A package of measures to tackle violent crime backed by £130.5 million has been revealed by the government.
The funding will be made available to tackle knife crime, serious violence and murder and new money will be targeted at steering young people away from crime.
Home Secretary Priti Patel said: “I am determined to cut crime and make our streets safer, which is why we are recruiting 20,000 more police officers, introducing new stop and search powers, and giving the police the resources they need to go after the serious violent criminals causing misery in communities.

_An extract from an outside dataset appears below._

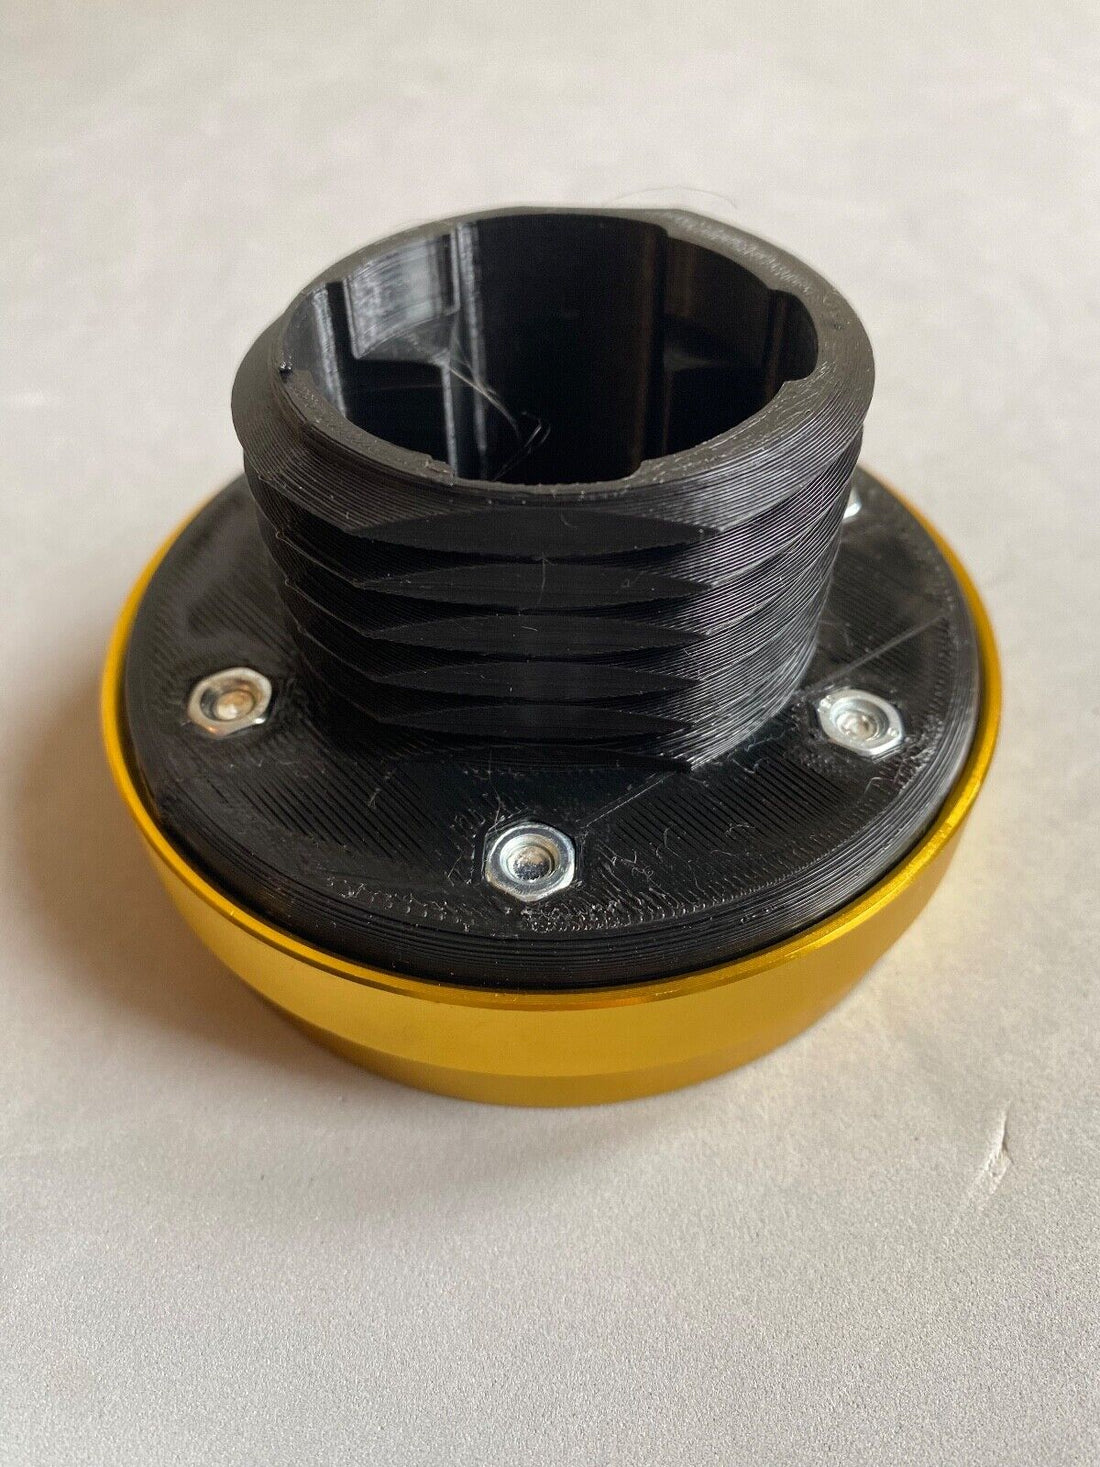 Thrustmaster Quick Release For Thrustmaster Wheels and Servo

“But when it comes to gangs and serious violence, we must also tackle underlying causes. That is why we are investing in new early intervention programmes to stop young people committing these crimes in the first place,” she added.
The package includes:
- £30 million to support the police to take targeted action in parts of England and Wales most affected by serious violence
- up to £23 million for new early intervention programmes that will help stop young people from being drawn into violence
The funding comes ahead of the introduction of a major criminal justice bill, which will:
- give police new stop and search powers to tackle known knife and weapons carriers
- place a duty on public sector bodies – including police, education and health agencies – to take a joined-up approach to addressing serious violence
- require local agencies to review the circumstances when an adult homicide takes place involving offensive weapons, such as knives, to ensure lessons are learnt and future deaths are prevented
National Police Chiefs’ Council (NPCC) lead for Serious Violent Crime, Assistant Chief Constable Jackie Sebire, said: “Continuing to work with partners to address serious violence and its widespread impact on individuals and communities is a key priority for forces. Even during the pandemic, we have seen serious street-based violence continue and particularly violence involving young people as both victims and perpetrators.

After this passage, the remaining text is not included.